El caso de Irak es inusitadamente simple. He aquí un país diezmado por los diez años que estuvo sometido a unas sanciones mortíferas, que acabaron con la vida de cientos de miles de personas y lo dejaron totalmente destrozado, devastado por varias guerras y gobernado por un tirano brutal. En semejantes circunstancias, y sin que la resistencia cuente con apoyo del exterior, es casi inconcebible que pueda fracasar una ocupación militar. Imagino que si reunimos a un par de personas aquí, en esta planta del Massachusetts Institute of Technology, probablemente podríamos averiguar lo que hay que hacer para tener corriente; pues bien, la ocupación estadounidense ha sido incapaz. La ocupación de Irak ha sido un fracaso asombroso. Sorprendentemente, el plan inicial de la Administración, reflejado en el organigrama que te decía antes, parece como si no fuese a funcionar. Por eso ahora tanta gente se está echando atrás y habla de que las Naciones Unidas tendrían que intervenir y asumir parte del coste. A mí me parece asombroso. Yo pensé que sería pan comido.

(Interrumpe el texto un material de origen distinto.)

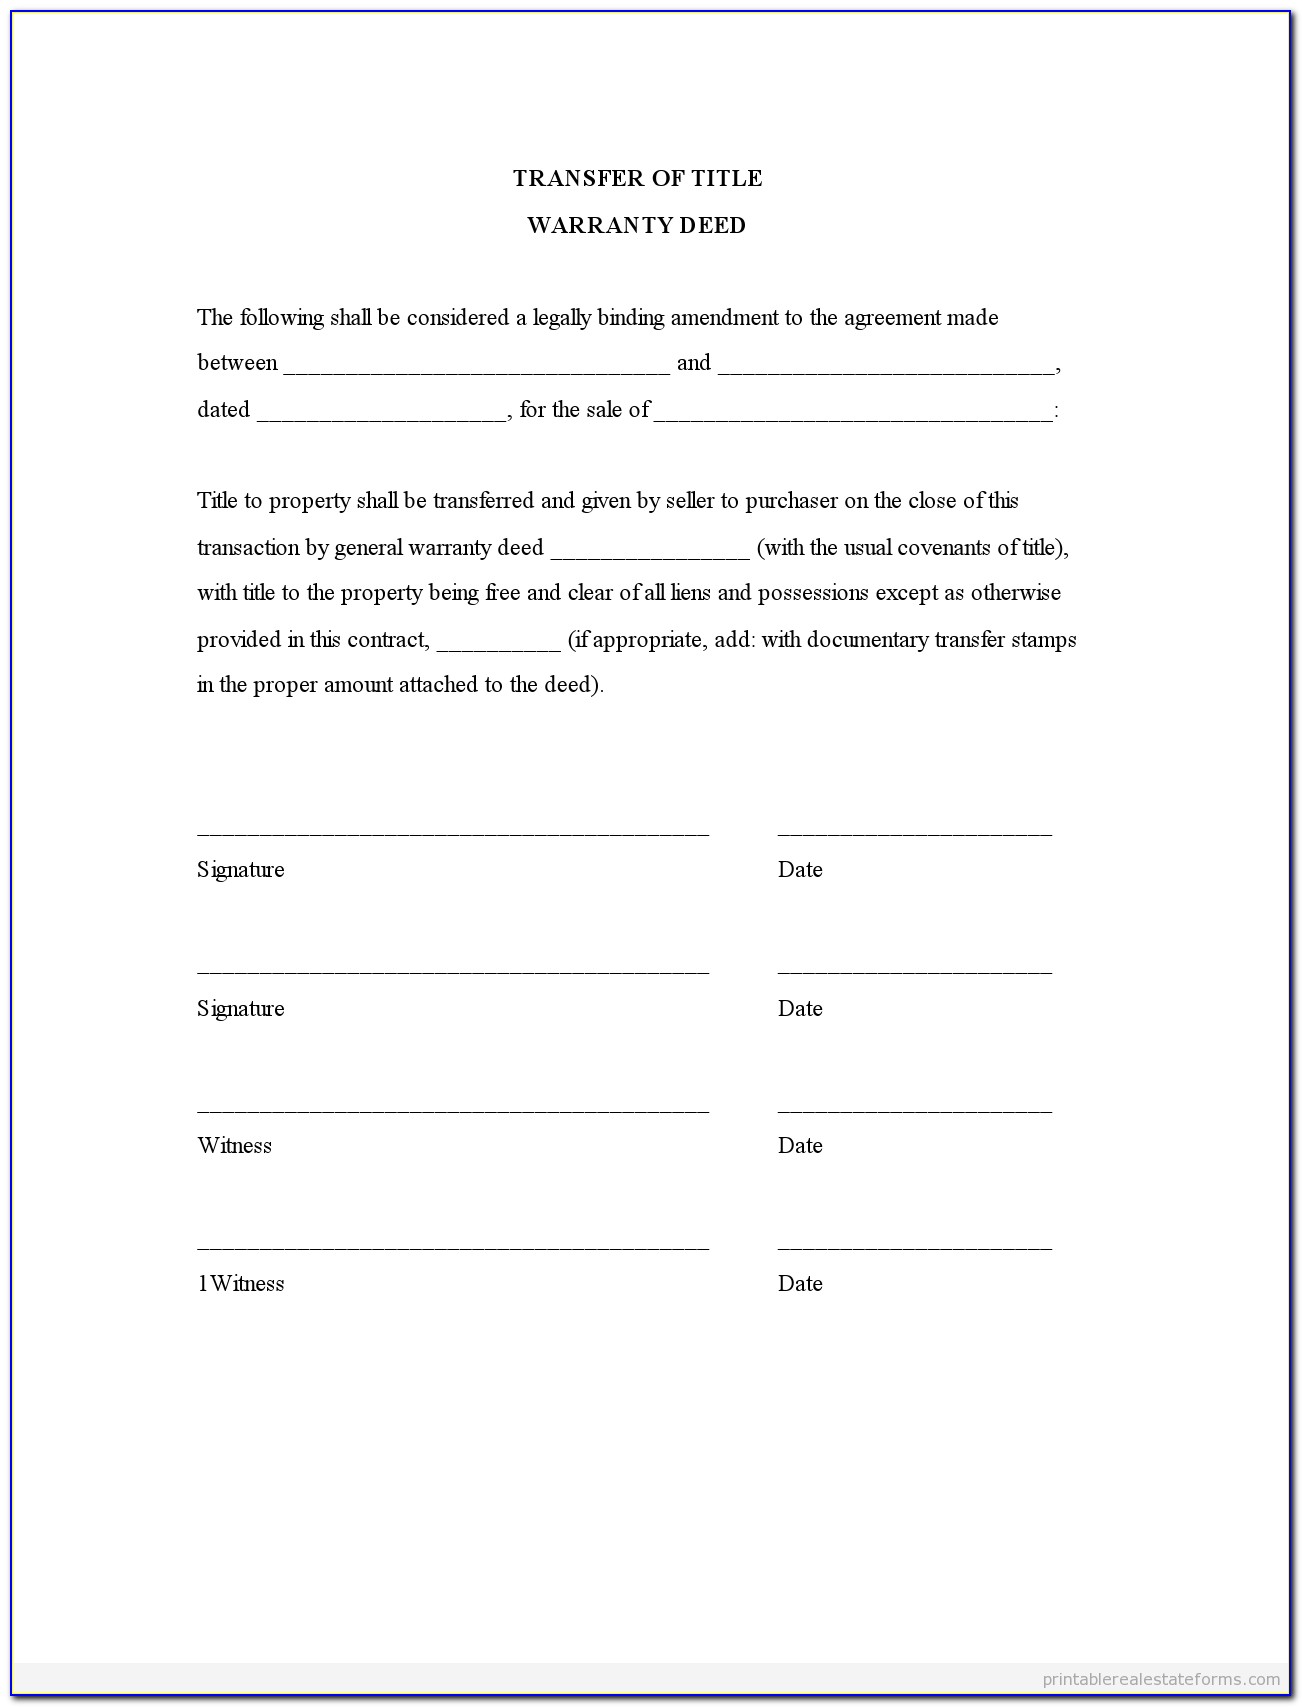 Real Estate Deed Transfer Form Free

Jawaharlal Nehru, uno de los líderes de la oposición al mandato británico en la India, comentó que la ideología del Gobierno británico en la India «era la propia del Herrenvolk, es decir, la Raza Dominante», idea «inherente al imperialismo». «Los que estaban en el poder proclamaban con un lenguaje inequívoco» estas ideas racistas y «el indio como individuo era objeto de insultos, humillaciones y desprecio».6 ¿Es «inherente» el racismo al imperialismo?

Hay que recordar que Nehru era un anglófilo. Pero hasta para él, que formaba parte de la clase alta de la elite india y era bastante británico en su forma de comportarse y en su estilo personal, la humillación y la degradación eran difíciles de aguantar. Nehru tiene razón. El racismo es inherente a los regímenes imperialistas; casi es un elemento invariable. Y me parece que entenderás enseguida la psicología que hay detrás. Si le estás pisando el cuello a alguien con la bota, no puedes decir simplemente: «Lo hago porque soy un bruto». Tienes que decir: «Lo hago porque se lo merecen. Es por su bien. Por eso tengo que hacerlo». Ellos son «niños malos» a los que hay que meter en vereda.7 A los filipinos se los describía así también. Y esto mismo es lo que lleva años pasando en los territorios palestinos ocupados. Uno de los peores aspectos de la ocupación israelí ha sido la humillación y la degradación a que han sometido a los palestinos una y otra vez. Es inherente a toda relación de dominación.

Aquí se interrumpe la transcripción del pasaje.